Des prises de sang ont ensuite révélé des molécules non identifiées dans leur alimentation. "Cela prouve que la nourriture n'est pas la seule source de contamination, l'environnement est très impactant", explique Karine Monceau, enseignante-chercheuse de l'équipe Résilience.

En cas de combinaison de plusieurs molécules, les effets sont même préoccupants: diminution de l'activité physique, réduction de la tache rouge près de l'œil (un signal sexuel majeur), baisse de la réactivité face au danger, etc.

"L'état de santé des perdrix les plus contaminées par un mélange de pesticides s'est dégradé petit à petit. C'est la première étude qui le démontre en conditions réelles d'exposition", ajoute-t-elle.

La seconde étude, révélée cet automne, s'intéresse à la charge parasitaire des passereaux: ces différentes espèces d'oiseaux des champs, dont 60% ont disparu depuis 40 ans, restent généralement à proximité immédiate des haies en période de reproduction. Elle a été menée trois printemps d'affilée sur plus de 1.000 volatiles dans la zone atelier du CEBC.

- "Réintroduire de la biodiversité" -

Selon le système de production environnant, les conclusions sont radicalement différentes. Dans une zone d'agriculture conventionnelle, les oiseaux présentent moins de parasites externes (tiques, poux...) mais davantage de parasites sanguins, ce qui pourrait "être une cause de leur déclin".

Quand l'agriculture biologique domine, le schéma s'inverse: les passereaux ont moins de parasites sanguins en raison "d'un système immunitaire moins fragilisé" mais plus de parasites externes.

"Ces résultats interrogent sur l'impact de l'usage des pesticides sur l'ensemble du vivant. Or, la santé animale, environnementale et humaine sont liées", relève Jérôme Moreau qui en appelle à une "volonté politique" pour "changer de mode de production agricole".
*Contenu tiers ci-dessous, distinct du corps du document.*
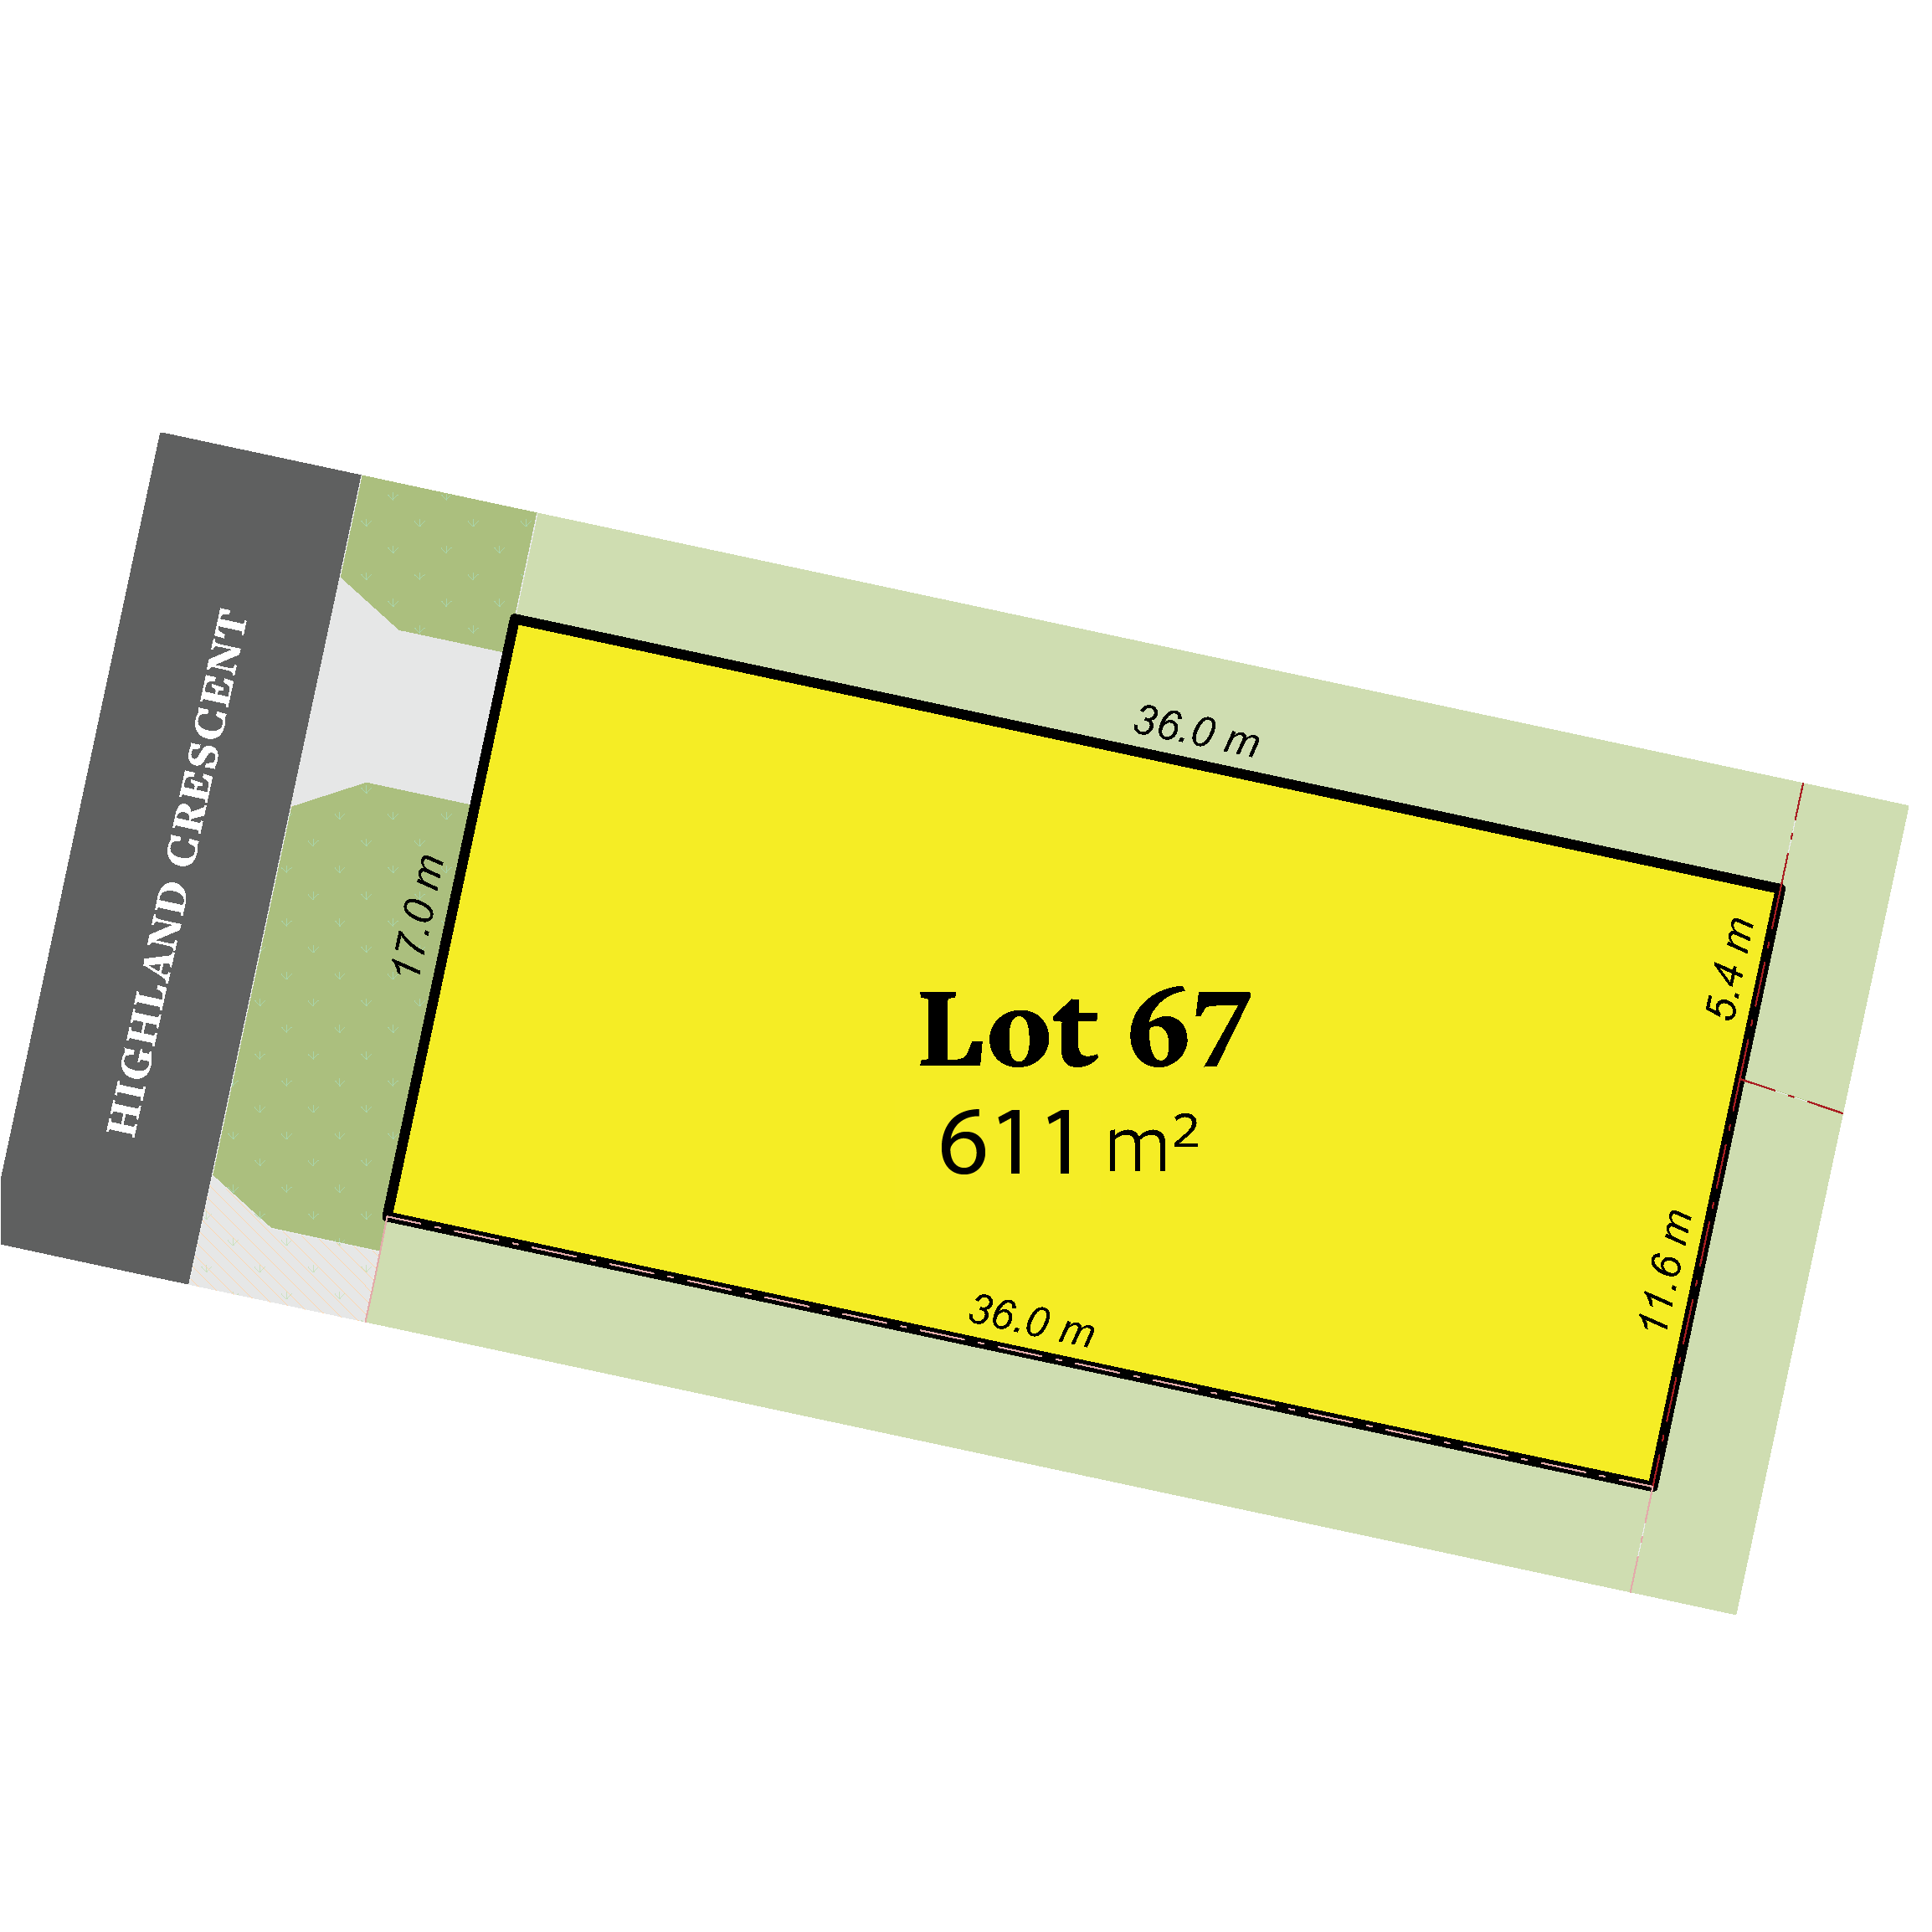 Image of Lot 67

Au Salon, l'équipe Résilience présente un programme interdisciplinaire montrant comment la biodiversité et les écosystèmes peuvent être "support de solutions" pour améliorer la santé des humains et préserver leur lieu de vie.

"Il y a de nombreux leviers, à commencer par les solutions fondées sur la nature qui consistent souvent à réintroduire de la biodiversité dans les pratiques. Mais le lobby des pesticides est très puissant et les agriculteurs sont, dans une certaine mesure, prisonniers de ce système", dénonce le chercheur.

Une autre étude du CEBC sur la réduction d'intrants dans 58 parcelles céréalières, publiée en 2025, fait ressortir une baisse de rendement d'environ 5%. "Mais les économies réalisées sur les dépenses compensent les pertes économiques, voire les dépassent largement, avec une augmentation de la marge de 292 euros par hectare en moyenne pour 55% des agriculteurs en agriculture conventionnelle", relèvent ses auteurs.